Add to this our extensive culinary research and you have an advanced adventure! We have been sampling “tajate” (a Zapotec corn water drink), cramming “chapolines” down our necks (fried baby grasshoppers – be sure to pull the hairy legs off first, they can get stuck in the throat), specifying exactly how we want our chocolate beans ground, investigating the 150+ varieties of chilies heaped in piles way back in the dank bowels of the 2 acre Marcado de Abasto, sampling exotic varieties of beans, putting ground up worm salt on the rim of our drinks, ordering beer with salsa in it (“Micheladas”), going to the organic market for string queso fresco and of course prowling the dark corners of Oaxaca for the best of the Añejo Mezcal. Then there are the varieties of Molé; which is a vast subject best left to the books that have been written about it.

Zer Heiss! Chocolate

So, It occurs to me that I should leave you with a receipe for a drink we invented after some empirical research:
The Alacrán

  1. Go to Oaxaca
  2. Get 3 fresh pequeño limes in the 20th of November Market
  3. Obtain a bottle of local Mezcal añejo – (the research for this can be an adventure in itself – be sure to sample many varieties until you find one you like). I recommend Mexcal Beneva or Real Minero Pechuga Añejo – but let your pallet be your guide. Some individuals – I won’t mention them here – say it is better to use Oro de Oaxaca which is NOT an añejo.
  4. Wet the rim of a glass with lime juice, coat with gusano salt.
  5. 3 shots of Margarita Mix over the rocks
  6. 2 shots of Mezcal
  7. Mix and enjoy
When the evening is spread out against the sky...

Shreesh and Neena walking
down a historic street.

The Alacrán – we have discovered – is best consumed with friends who are prepared for a deep discussion of the state of the country/world/universe.
(DISCLAIMER: This drink can cause significant difficulty when attempting to conjugate the Spanish verb “alegrarse” in the imperfecto de subjuntivo!)

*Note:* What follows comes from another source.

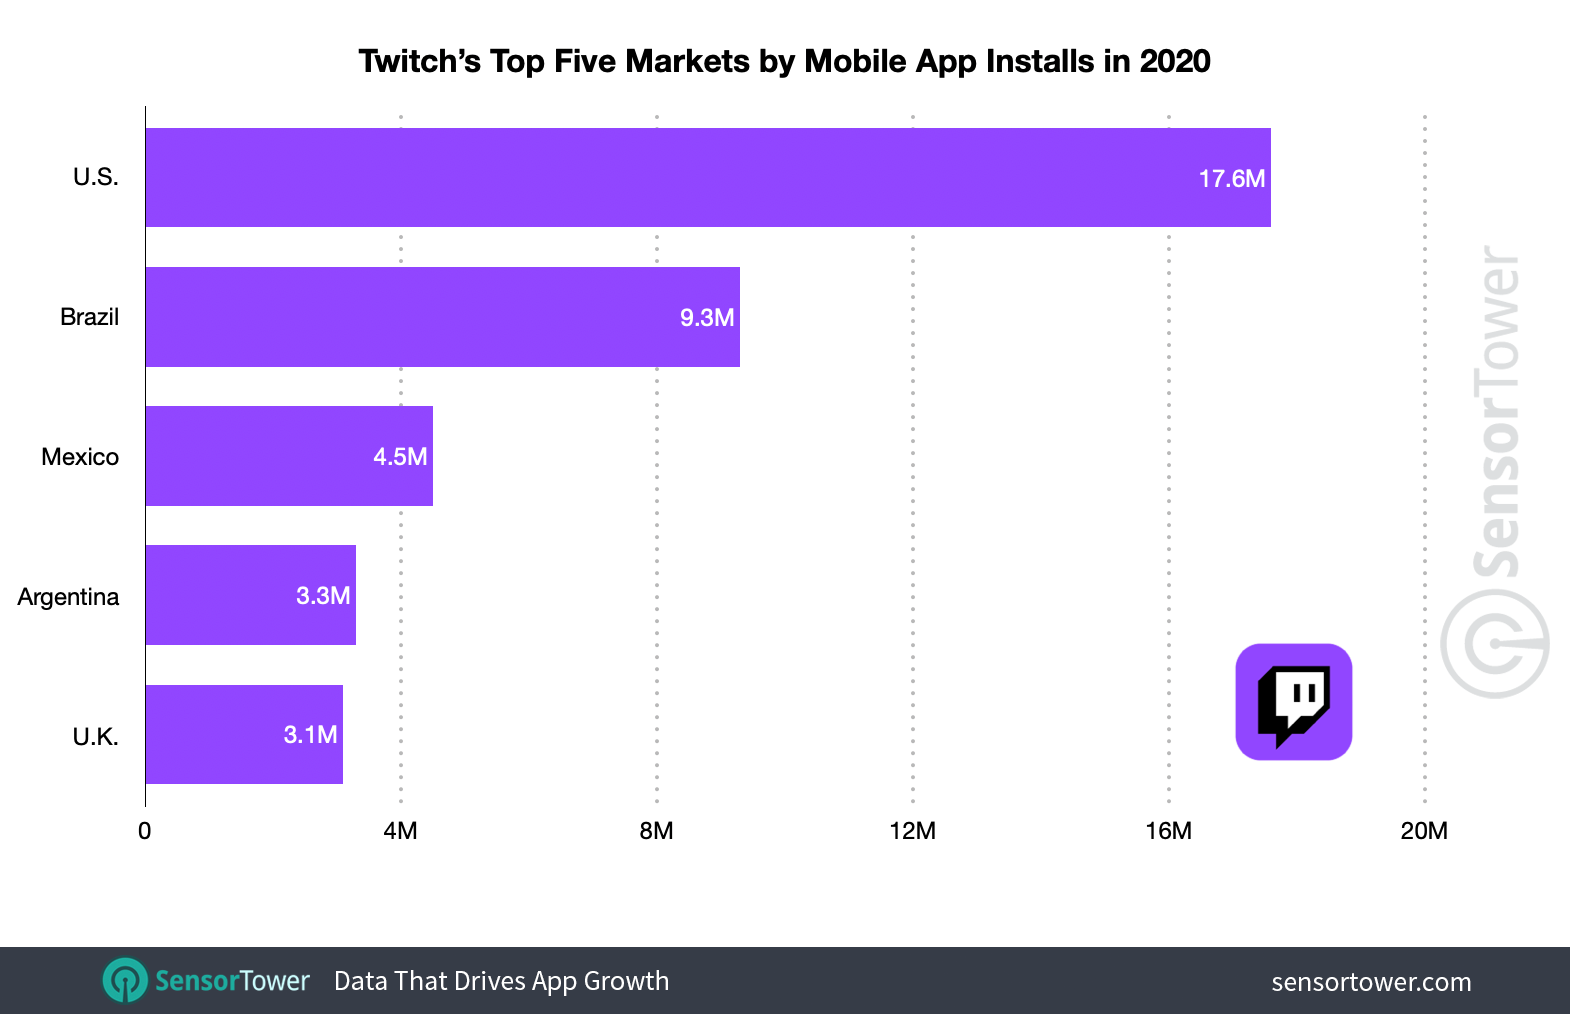 Twitch's five biggest markets in 2020 were the U.S., Brazil, Mexico, Argentina, and United Kingdom.

9 Responses to “Alacránes in Oaxaca”

  1. Dear Fred Taskar,

    Thank you for this great addition to A Long Drive. And, thank you for the recipe — I am in Vermont but with a pack of Central Americans, including some Mexicans from Chiapas who are all here with me for grad school. The recipe is getting a bit of excitement going around here though getting gusano salt and Añejo Mezcal is proving to be a bit of a challenge. When we figure out our substitutions, and if we live through the experience, I will write you again. Thanks for this great post!

  2. madhuri says:

    Aging hippie! 😀
    Are you bring back some of those sacks of chillies and beans?!

  3. Fred says:

    I’m bringing back what I can, but the U.S. Customs Service has a bad habit of taking organic substances from people returning from Mexico!

  4. Vinay says:

    Woohoo guest post! Good one! I gotta try the alacran now 🙂

  5. Eduard says:

    Fred, I had no idea you were Spanish with Shreesh and Neena! Sounds like you’re having fun!

    Let’s play chess when you come back.

  6. barbara says:

    HOW goes it with the guisanos? Can’t get mescal here, darn it! B.

  7. Fred says:

    Steve,

    You can’t go wrong with fresh ingrediants and good friends!

    Fred

  8. Fred says:

    Barbara,

    A care package of Mezcal may find its way to you someday soon 😉

    Fred

  9. Patty says:

    I spent 2 months on the beach in Zipolete a few years ago. There we found bottles of mez cal with corncob stoppers and a worm handpainred on each bottle. It was “white litning” Zipolete style, taste the charcoal – WOWIE!